* Directions
Could you reproduce the lines below from the one with "Page 35 of u" through the one with "Jim Beam Bratpfanne"? Keep both ends and add nothing.

* Records provided
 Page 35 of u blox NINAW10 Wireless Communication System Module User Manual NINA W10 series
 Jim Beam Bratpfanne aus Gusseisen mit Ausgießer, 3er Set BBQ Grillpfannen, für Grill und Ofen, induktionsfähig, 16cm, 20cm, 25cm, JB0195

==

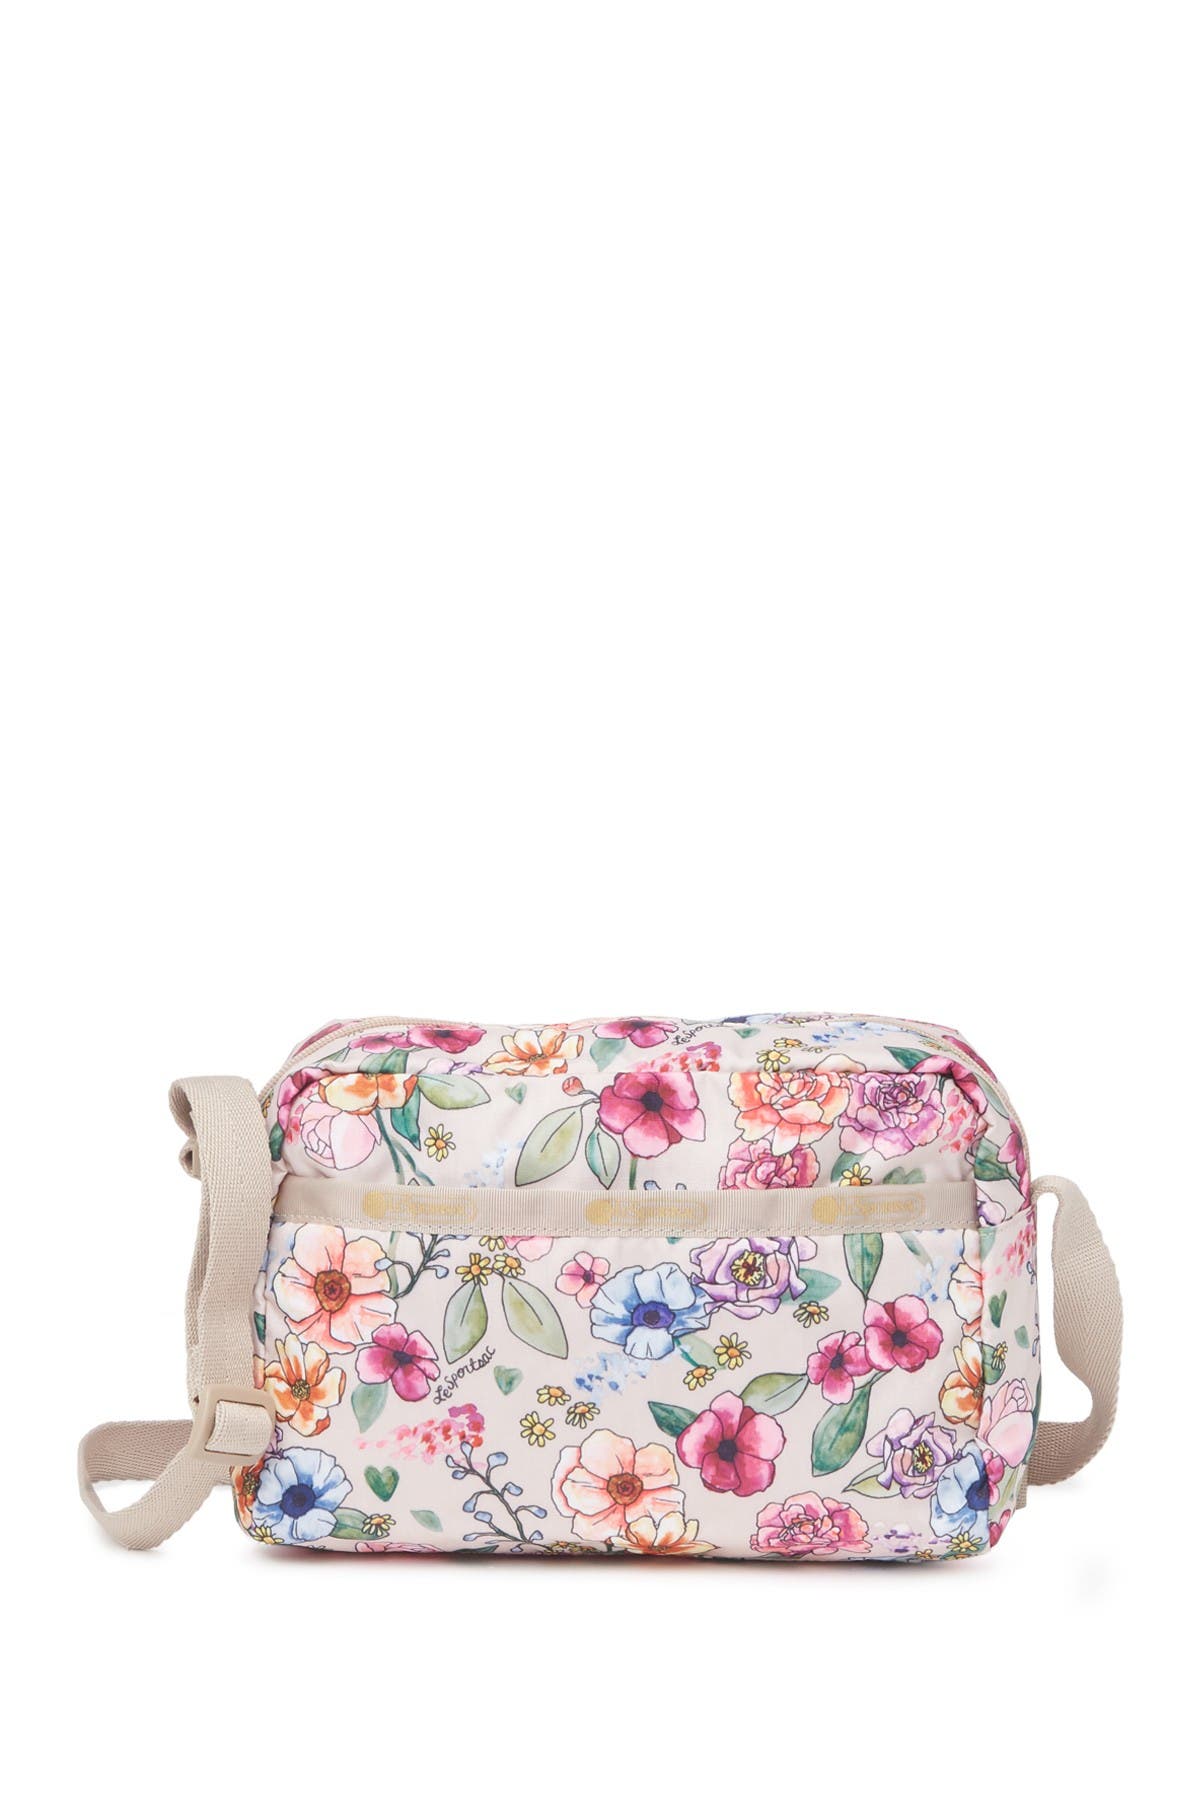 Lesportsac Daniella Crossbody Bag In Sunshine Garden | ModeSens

* Written reply
 Page 35 of u blox NINAW10 Wireless Communication System Module User Manual NINA W10 series
 Jim Beam Bratpfanne aus Gusseisen mit Ausgießer, 3er Set BBQ Grillpfannen, für Grill und Ofen, induktionsfähig, 16cm, 20cm, 25cm, JB0195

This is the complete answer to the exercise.